Welcome to our special section, Thrive on Campus, devoted to covering the urgent issue of mental health among college and university students from all angles. If you are a college student, we invite you to apply to be an Editor-at-Large, or to simply contribute (please tag your pieces ThriveOnCampus). We welcome faculty, clinicians, and graduates to contribute as well. Read more here.
When I started university three years ago, I was excited to begin a new and exciting chapter in my life. What followed were three incredibly difficult years where my mental health (or lack thereof) took centre stage not just in my personal headspace, but my academic life and in my closest relationships.
Sadly, I do not think that my experience has been particularly unusual. Rather, it is broadly reflective on my generation.
University is, by nature, an uprooting experience. It consists of young adults being removed from their familiar environments, and placed instead in an entirely alien community and lifestyle — usually for the first time in their lives. This engenders not only new experiences and emotions, but an intense level of uncertainty — of one’s identity, relationships, future plans, and personal motivations (to name a few).
Furthermore, today’s students face the additional pressures of social media, which inspires personal comparison and perfectionism, both of which are detrimental to one’s self-perception and self-esteem. Under such circumstances it is unsurprising that students’ mental health is suffering at an increasing rate.
When I was first faced with these difficulties, I, like many others, developed coping mechanisms to deal with the overwhelmingly negative feelings that I was experiencing. Unfortunately, these mechanisms were unhealthy, and made my situation significantly worse.
Upon realising that the methods that I was using to make me feel better were having the opposite effect, I decided to try and find some healthy, beneficial coping mechanisms instead.
As for most of my generation, my initial reaction was top hop online and Google “healthy coping mechanisms.” However, to my disappointment, there were very few results, and what results there were all seemed to say the same thing: exercise, sleep, eat well. While these are certainly vital for one’s well-being, I was after quick fixes — things that I could do immediately at moments when I felt low to make me feel better.
Although some such lists have since worked their way to the top of Google’s algorithmic search results, it occurred to me recently that, over the last three years, I have, unconsciously, been developing my own list: things that work for me. Things that I do when I feel down which make me feel better — most of which I have yet to see on the lists of others. I present this list below. I hope that they help someone who needs them.
1. Find someone to hug.
2. Write with your non-dominant hand.
I started doing this in an (ongoing) attempt to become ambidextrous and engage the lesser-used parts of my brain. However, I soon realised that the relative difficulty of the act absorbed my full attention, drawing my mind away from negative thoughts. Additionally, while searching for things to write down as practice, I began to write about how I was feeling each day, which WebMD asserts can help improve one’s mood by increasing awareness of one’s feelings and making them seem more manageable.
3. Put on music and dance.
Pop, jazz, rap, classical — whatever your music taste, stick on some tunes and move your body. This can be done with friends in a sitting room, alone in your bedroom, or out on the street with everybody watching. However you wish to do it, get moving and release those endorphins!
4. Make yourself laugh.
“Laughter is the best medicine” is an age-old adage that has many modern-day solutions. If you cannot find friends to make you chuckle in person, it is easier than ever to self-induce the giggles — try watching a sitcom on Netflix, or Vine compilations on YouTube.

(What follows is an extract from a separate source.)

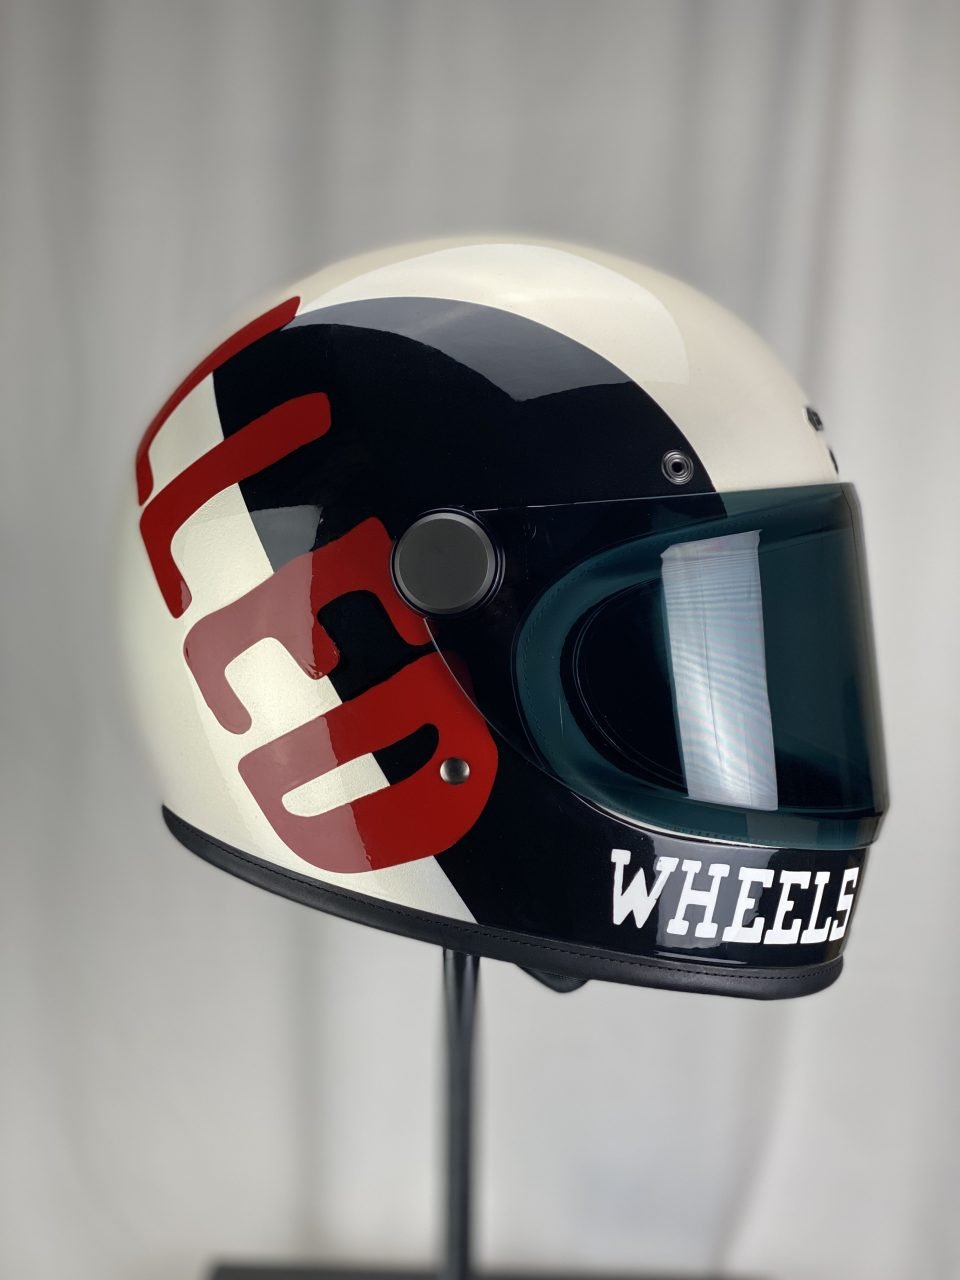 indian motorcycle wheels & waves helmet
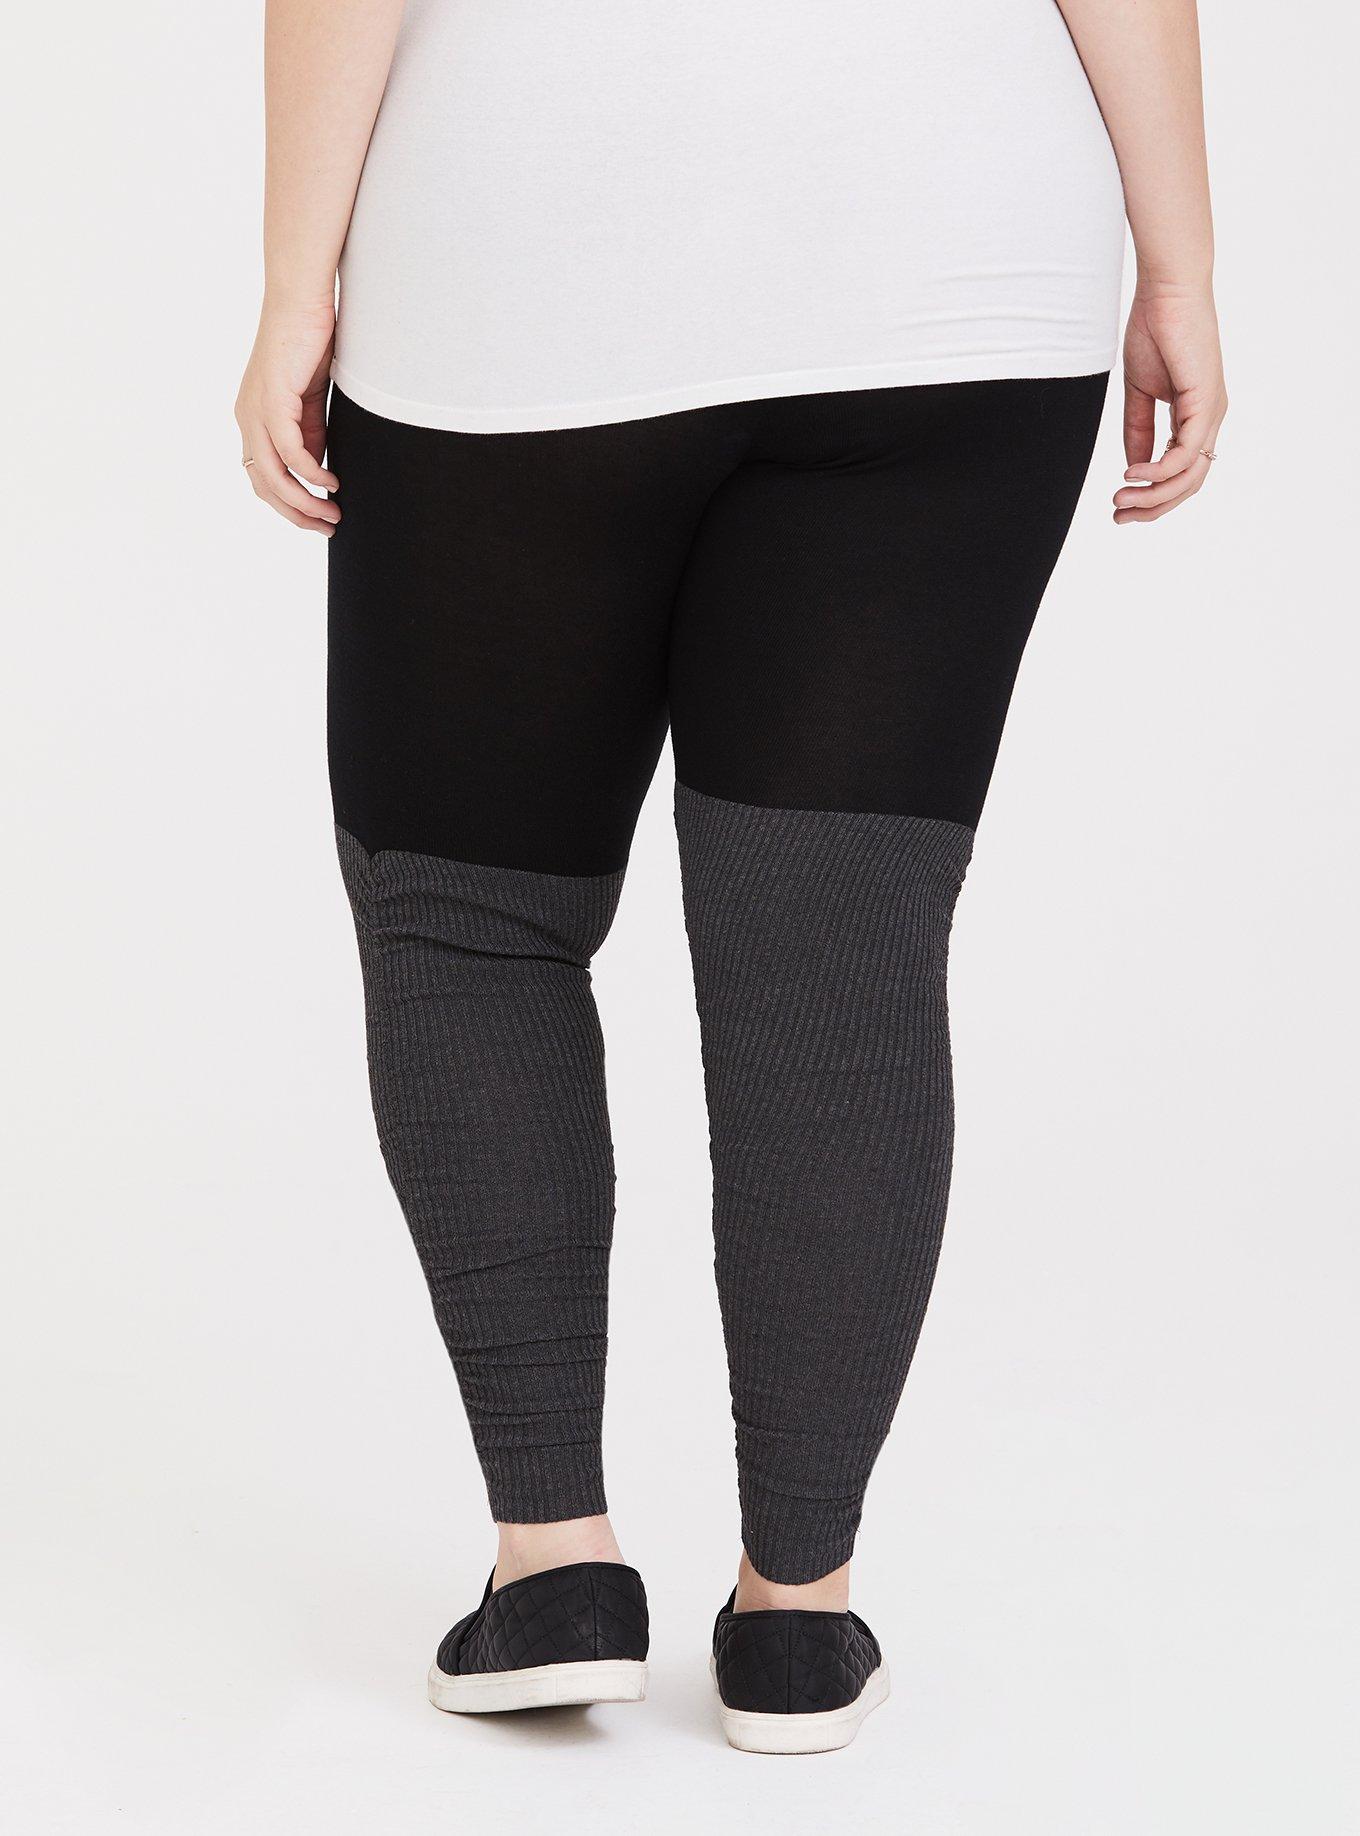 Plus Size - Sweater Leggings - Torrid

5. Go for a walk which will test you.
Lots of well-being lists include “go for a walk,” however this never quite worked for me. What I have found much more effective is going for walks which challenge me in some way. I think that I find them useful because they encourage me to feel intense emotions (other than melancholic ones). For me, climbing a hill, or walking in the rain without a coat, elicit emotions which I find grounding and remind me of the reality of the world outside my own head. (Remember to dry off quickly if doing the latter, though!)
6. Learn to sit with your feelings.
While this is my least favourite coping mechanism to undertake, I have no doubt that it is the most important. Learning to sit and experience negative feelings is the only way that I know of to truly come to terms with them. I have yet to be fully successful, I perhaps I never will be, but every attempt makes me feel closer to self-acceptance and inner peace.